Никита считался у нас самым умным человеком в деревне, он политик и, как преобладающее большинство политиков, лукав. Просто говорить с ним нельзя. Мой вопрос был совсем неразумен.
– Обеими ногами ступаете, – посмеялся надо мной деревенский умница и замял разговор о караулке.
Поговорили о переселении в Сибирь. Мы оба там были: он ходоком, я – как любопытный, и оба пришли к одному твердому заключению: «Ехать туда нужно с капиталом и человеку сильному, а потому в наших местах разговаривать о переселении и смущать народ – дело очень вредное».
Мое полное единение в этом вопросе с ходоком подкупило Никиту; он спрашивает:
– К добру ли делюция?
Я уже слышал это нелепое, но замечательное по своему образованию слово. Оно происходит, с одной стороны, от слова «революция», а с другой – от насильственного деления земли при отводе и укреплении участка. Это – не освященный временем и общепринятый «передел», а насильственный раздел: делюция.
– К добру ли делюция? – спросил Никита.
Я не хочу ступать «обеими ногами» и прошу высказаться самого Никиту.
Ему кажется, что к добру: он, глава большой семьи, укрепляет за собой землю, младшие его почитают, как и в старое доброе время, и хозяйствовать на одном участке лучше: не будет чересполосицы. Я одобряю Никиту, говорю ему в тон: как хорошо будет то время, когда все такие умные, как он, укрепятся, а глупые, как Афанасий, разбегутся. Вот тогда крепкий земле крестьянин и станет помогать во всем правительству…
– Нет, погодите… – не выдерживает Никита.
– Да как же, – говорю я, – дело ясное…
И продолжаю развивать свою мысль. Никита одобряет, но, как только подхожу к правительству, перебивает и говорит мне: «Погодите…»

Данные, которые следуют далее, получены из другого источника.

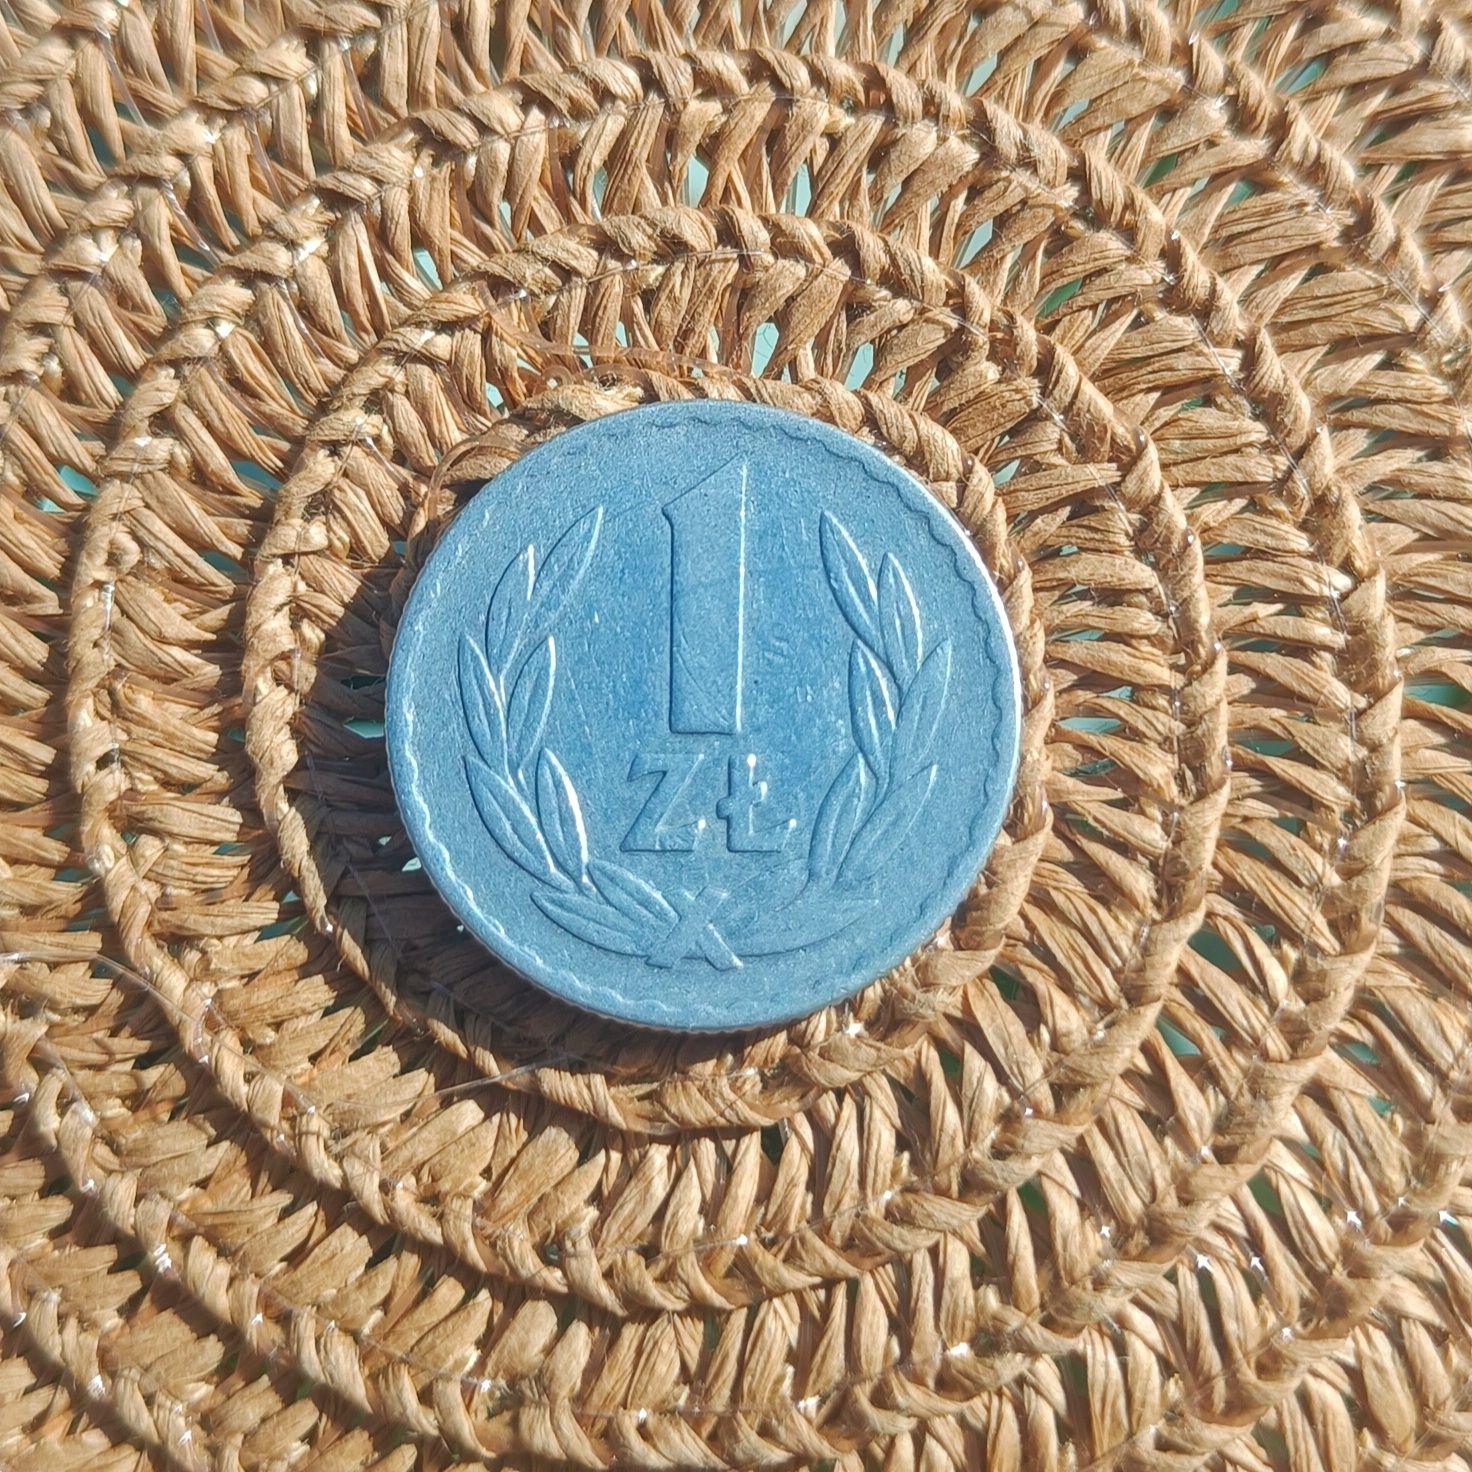 Moneta 1 zł z 1967 roku, ceniony unikat!

Так я дошел до пределов мудрости Никиты и, когда явно увидел его смущенным, огорошил вопросом:
– Зачем сожгли караулку?
– А зачем, – ответил Никита, – арендатор поставил ее на земле вашей тетушки?
– Вам-то какое дело!
– Нет, это наше дело, – ответил Никита, – он нонче избу поставил, а завтра сарай выстроит.
– Что же, если с согласия тетушки, земля же не ваша…

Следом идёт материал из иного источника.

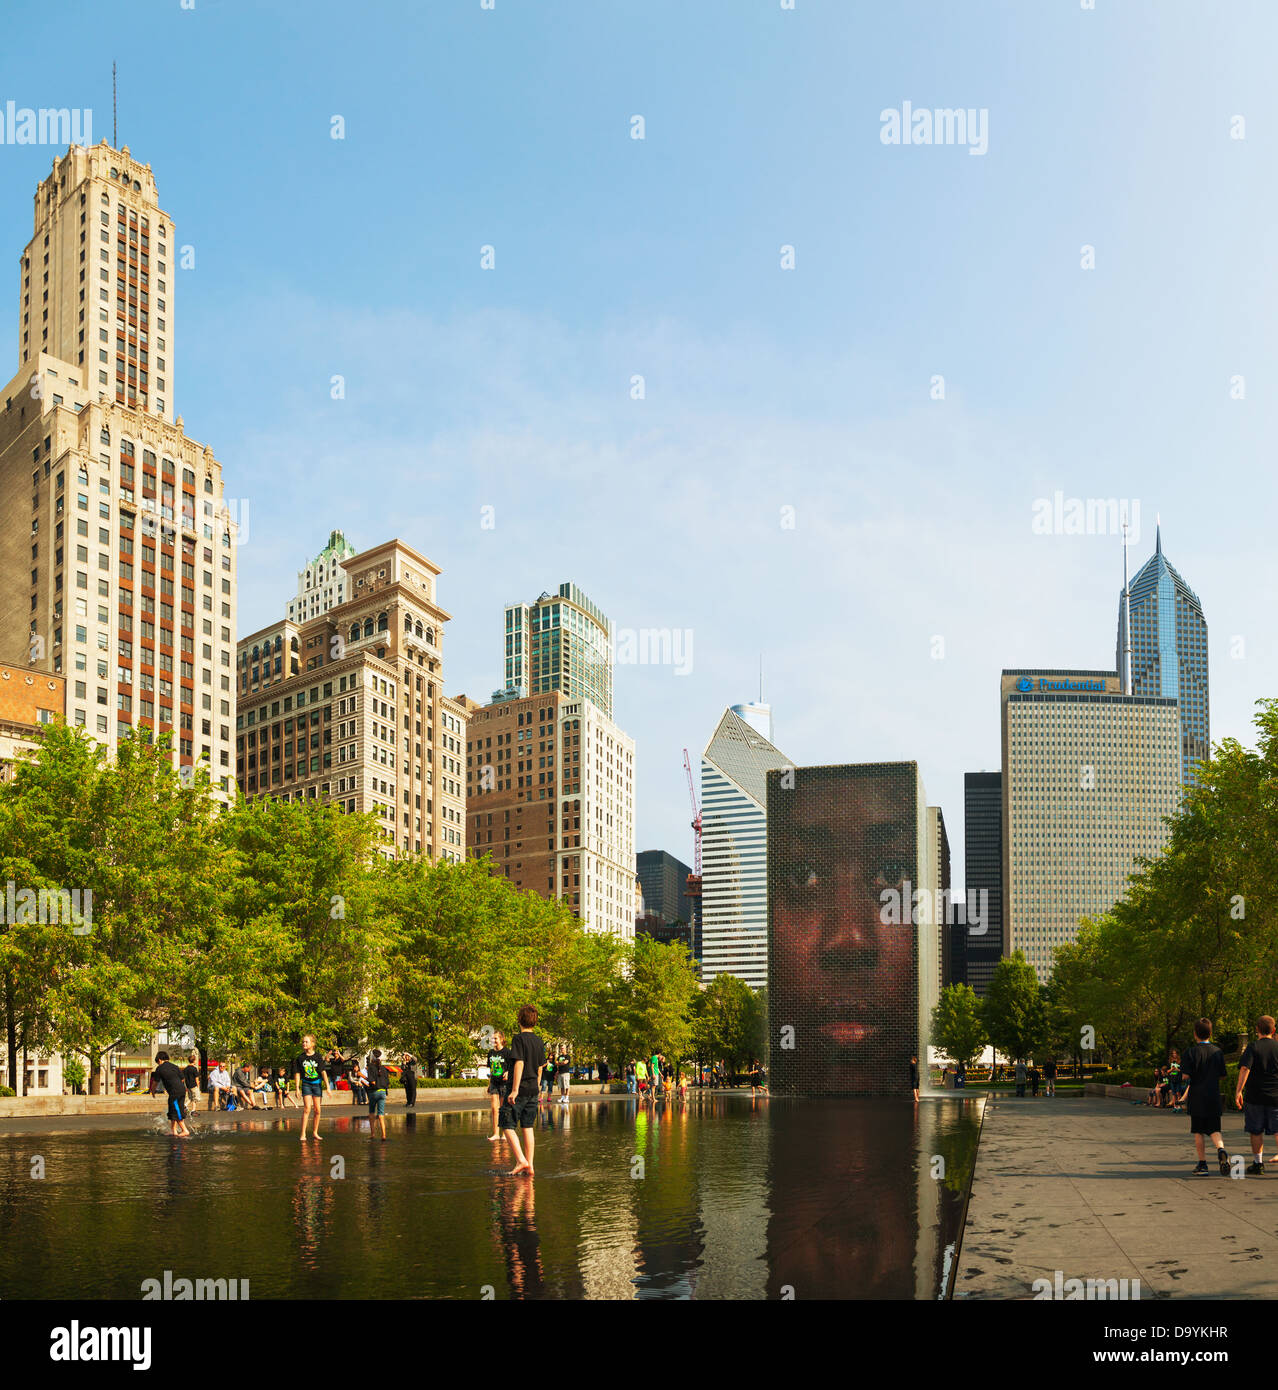 La città di Chicago con fontana a corona Foto Stock
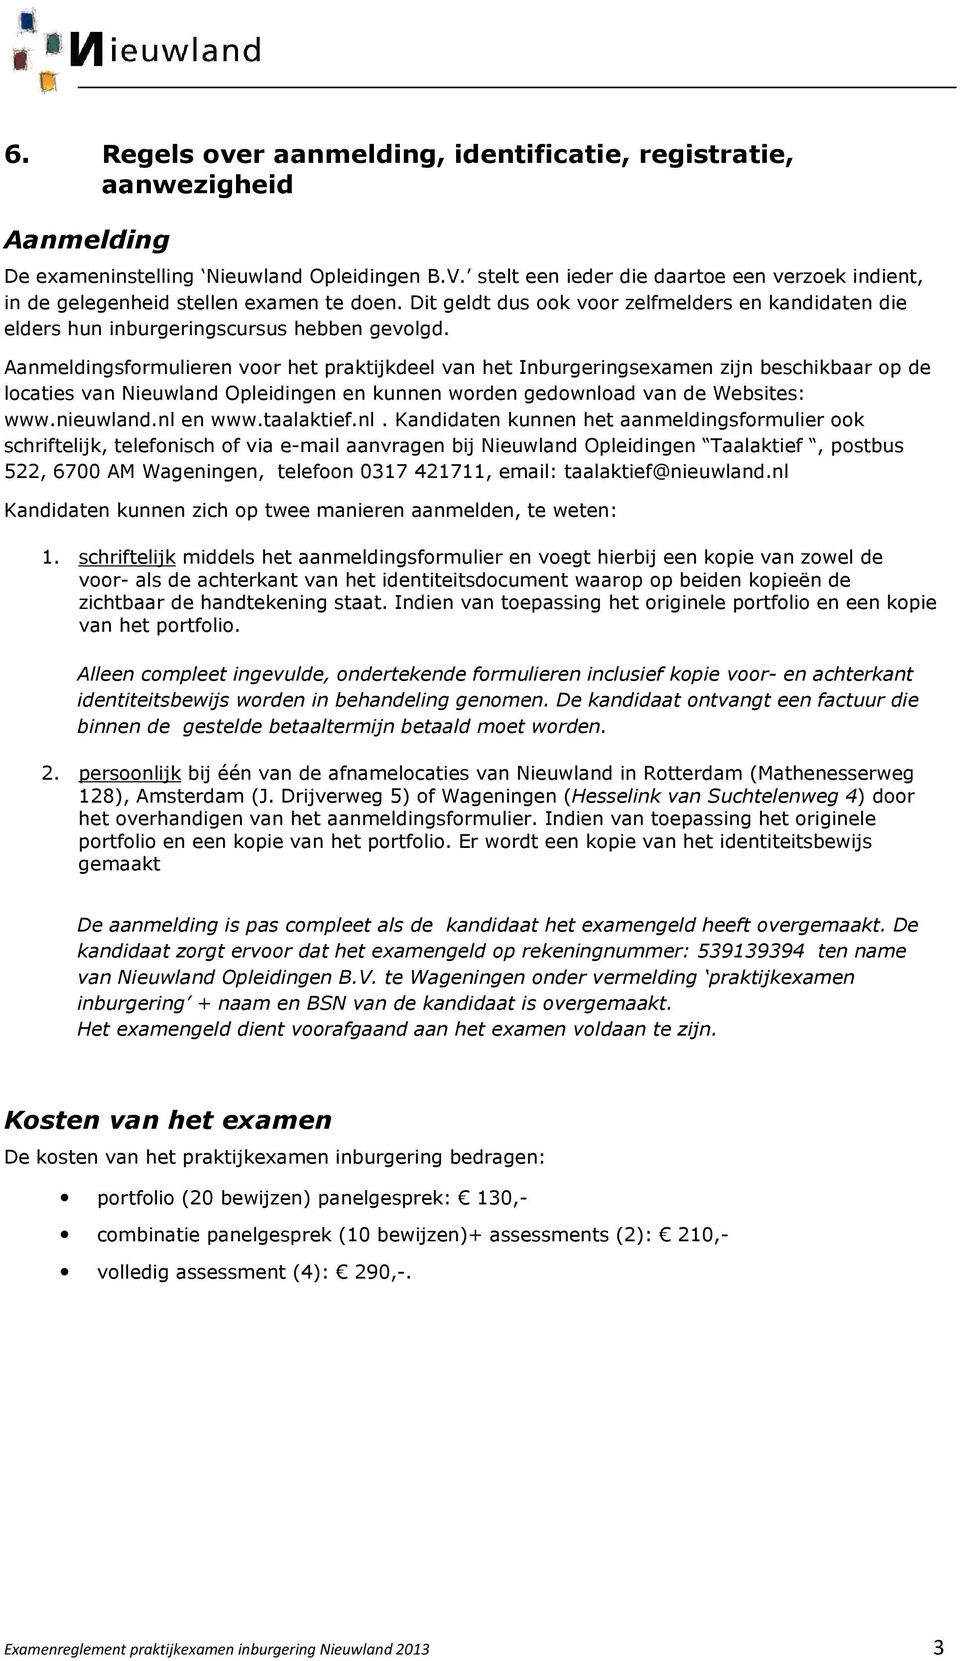 Aanmeldingsformulieren voor het praktijkdeel van het Inburgeringsexamen zijn beschikbaar op de locaties van Nieuwland Opleidingen en kunnen worden gedownload van de Websites: www.nieuwland.nl en www.

– Нонче не наша, а завтра, может, и наша будет. А он строится. Мы же для вашей тетушки и стараемся, оберегаем ее…
Никита все это сказал лукавыми штучками, и я, конечно, всерьез его речей не принял.

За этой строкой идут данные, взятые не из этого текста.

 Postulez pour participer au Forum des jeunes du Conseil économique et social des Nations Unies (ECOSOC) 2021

Арендатор нашего сада и огорода лебедянский мещанин. Слово «мещанин» в общепринятом смысле совсем не подходит к нему и вообще к нашим мещанам. Эти люди у нас куда в худшем материальном положении, чем крестьяне, но всегда деловитее их и предприимчивее. Мещанин в наших краях – представитель свободного личного начала, крестьянин – родовой общинной косности. Арендатор нашего сада был смолоду пьяницей, потом отрезвился и взялся за ум. Кто-то дал ему двугривенный, на эти деньги он купил свечей, продал с прибылью и стал торговать куриными яйцами. Как сказочный герой, он менял все на лучшее и лучшее: из яичника стал медоломом, покупал кокошники с серебром, переливал серебро, скупал шкурки дохлых ягнят. В конце концов он с успехом занялся садами и даже определил своего старшего сына в гимназию.
Жизнь такого человека – скорее поэма, чем обычное мещанское существование.
Осмотрев сожженную избу, арендатор прямо сказал:
– Один работает!
– Вот, – обрадовался я, – один, конечно, один!